*** Provided data ***

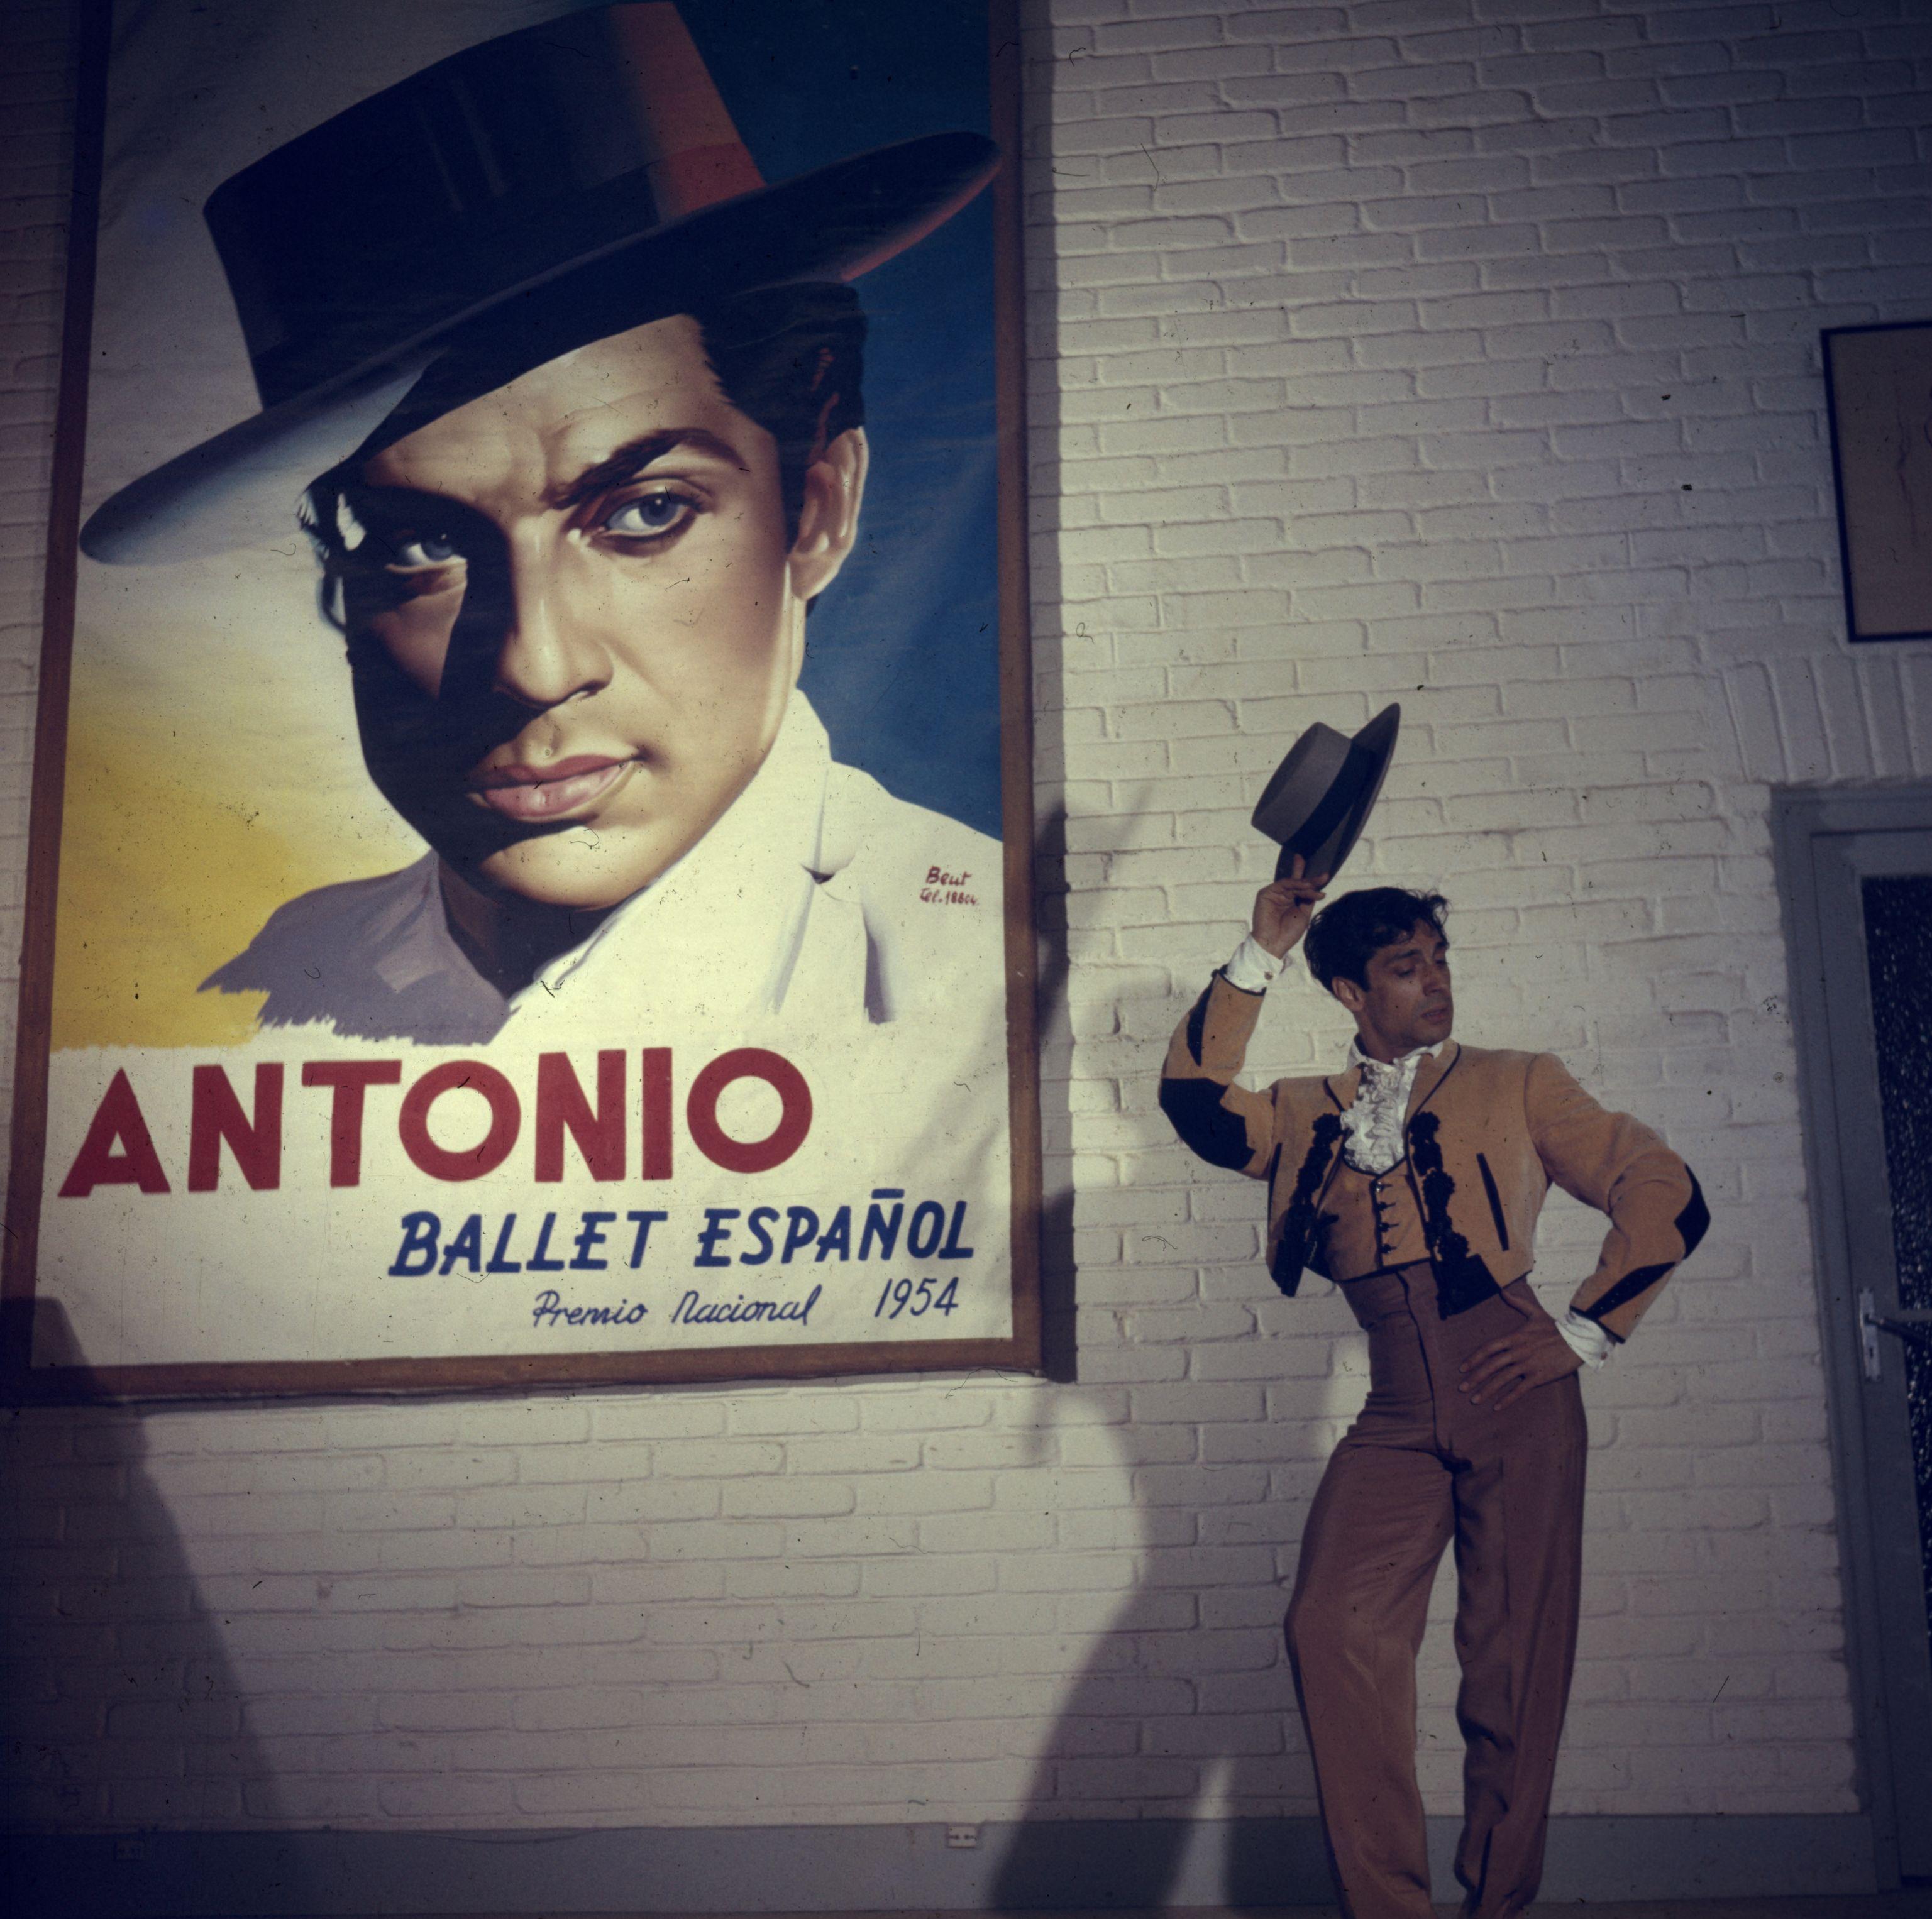 Ein Flamenco-Tänzer lüftet seinen Hut vor einem Plakat, das für den virtuosen Tänzer Antonio (Antonio Ruiz Soler) in der nationalen Premiere von "Ballet Espanol" wirbt. (Foto: Slim Aarons/Getty Images)

Schlanke Aarons
Antonio Ruiz Soler
Chromogener

*** End of Provided data ***

◆ Assignment: Could you give again exactly the lines from the line containing "Schlanke Aarons" through the final line of the data above, and no others?

◆ Problem solution:
Schlanke Aarons
Antonio Ruiz Soler
Chromogener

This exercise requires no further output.